I am unable to ascertain my result of the following problem. Can anyone help me out? Problem: Let $X=(0,1)$ and $U_n=(1/n,1), n\geq 2$. Does a Lebesgue number exist for this cover?
Solution: Consider $A=(0,1/n), n\geq N$. Now $\nexists U_N$ which can cover $A$.Hence no Lebesgue number exist.
Is my arguement valid? Thanks for help.
As I have said, it is enough to show that for any $\delta > 0$ there exists some $A\subseteq X$ s.t. $\text{diam}(A) < \delta$ but $A \not\subseteq U_n$ for any $n \in \mathbb{N}$.

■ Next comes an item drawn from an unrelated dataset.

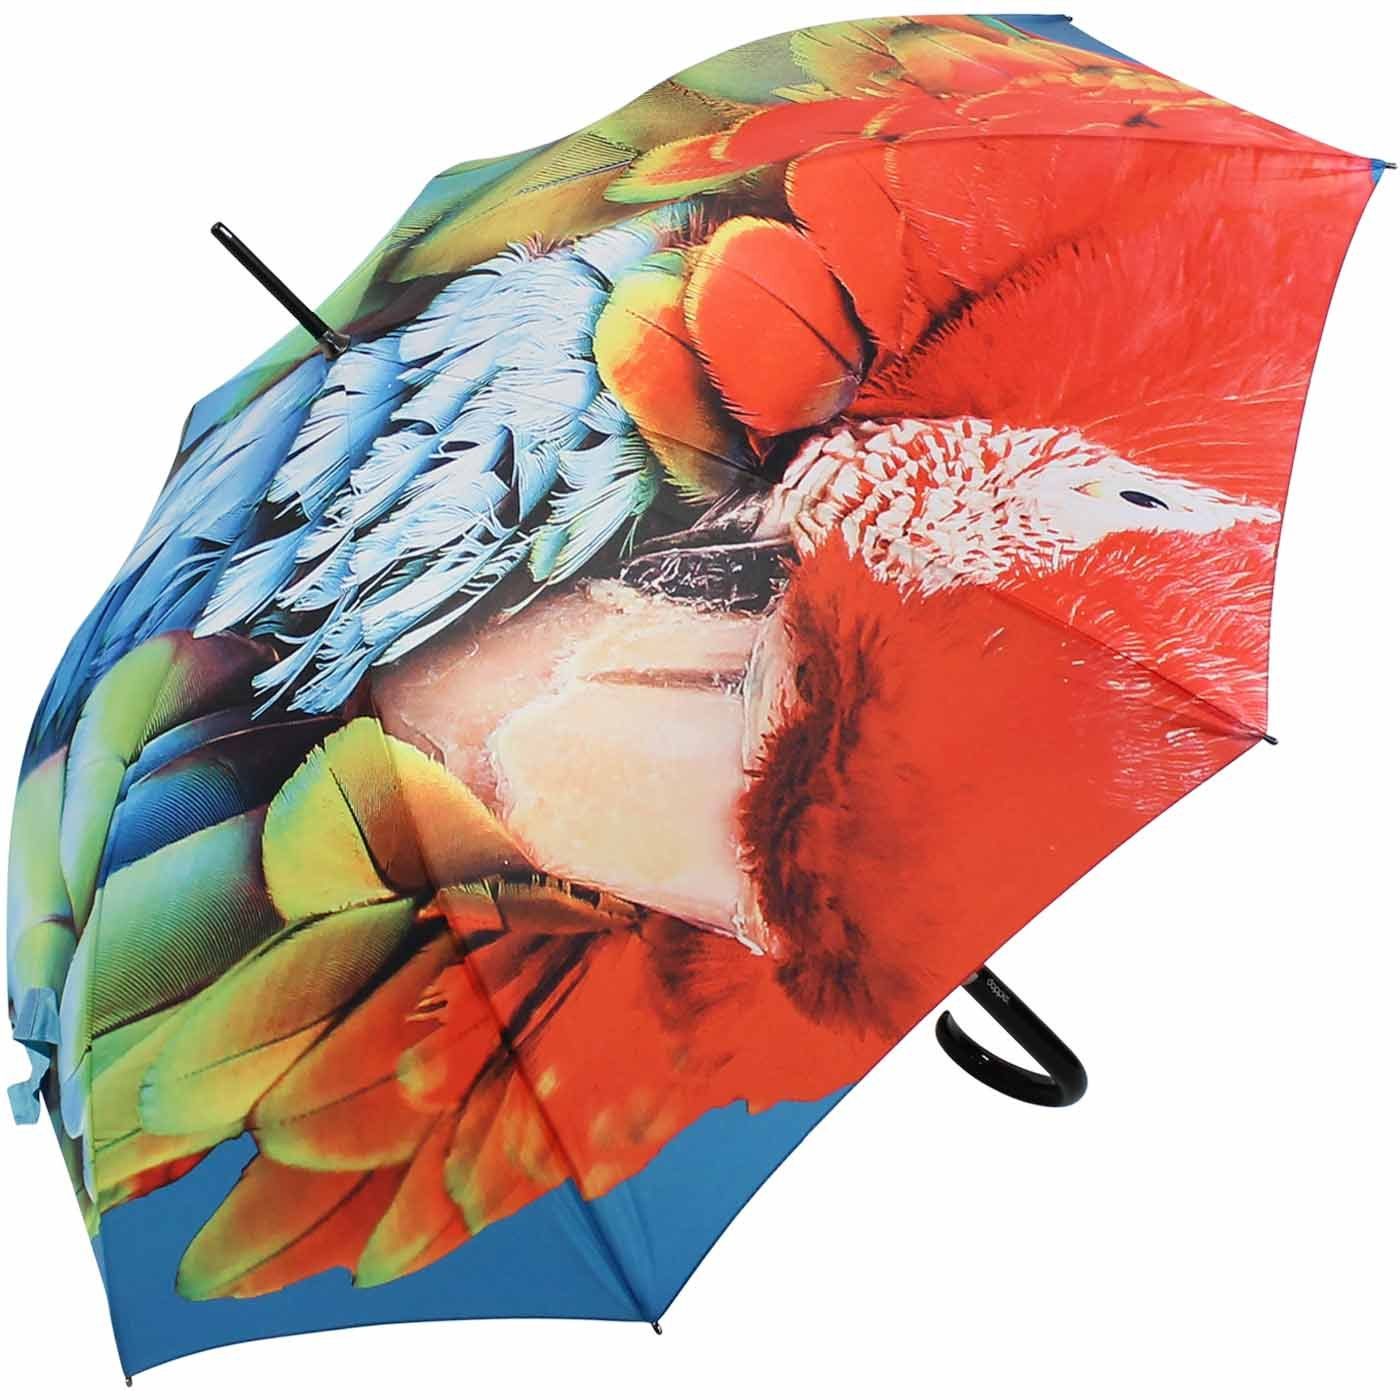 Griff modern formschönem edler doppler® Langregenschirm Regenschirm mit Druck mit auffälliger Auf-Automatik Art,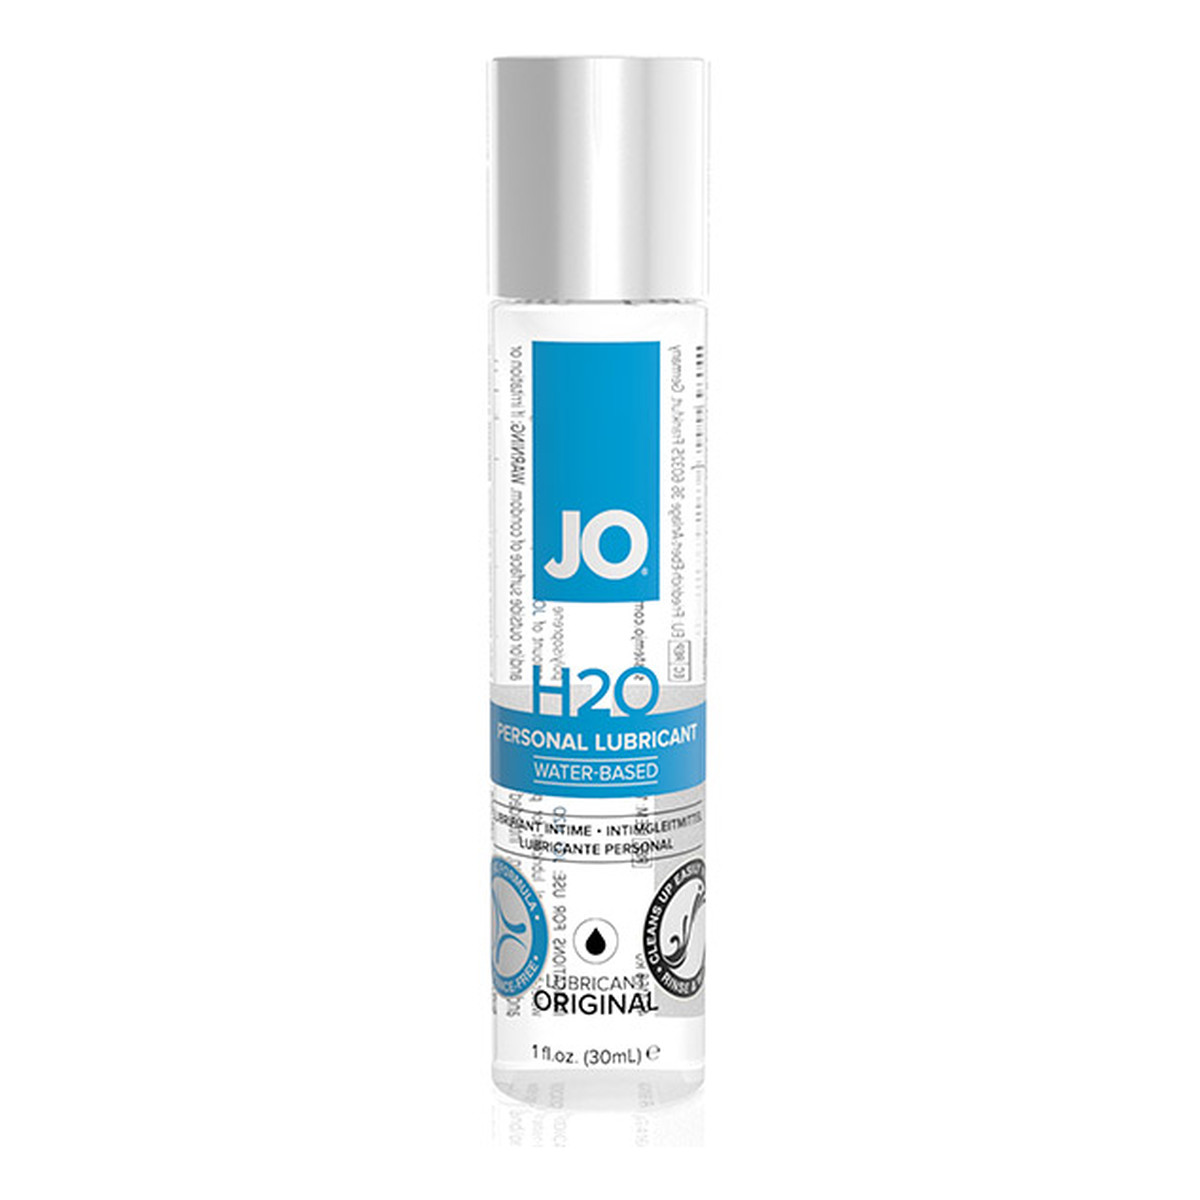 System Jo H2o personal lubricant lubrykant na bazie wody 30ml

So let $\delta > 0$ be arbitrary. Then consider $A := (0, \frac{1}{n})$ with $n \in \mathbb{N}$ s.t. $\frac{1}{n} < \delta$. Then we have $\text{diam}(A) = \frac{1}{n} < \delta$. Now we just need to show that $A \not\subseteq U_n$ for any $n \in \mathbb{N}$. To show this, we need to show that for any $n \in \mathbb{N}$ there exists some $x \in A$ s.t. $x \not\in U_n$.
So let $n \in \mathbb{N}$ be arbitrary. Then choose $x := \frac{1}{2n}$. Then we have $x \not\in U_n$. This concludes the proof.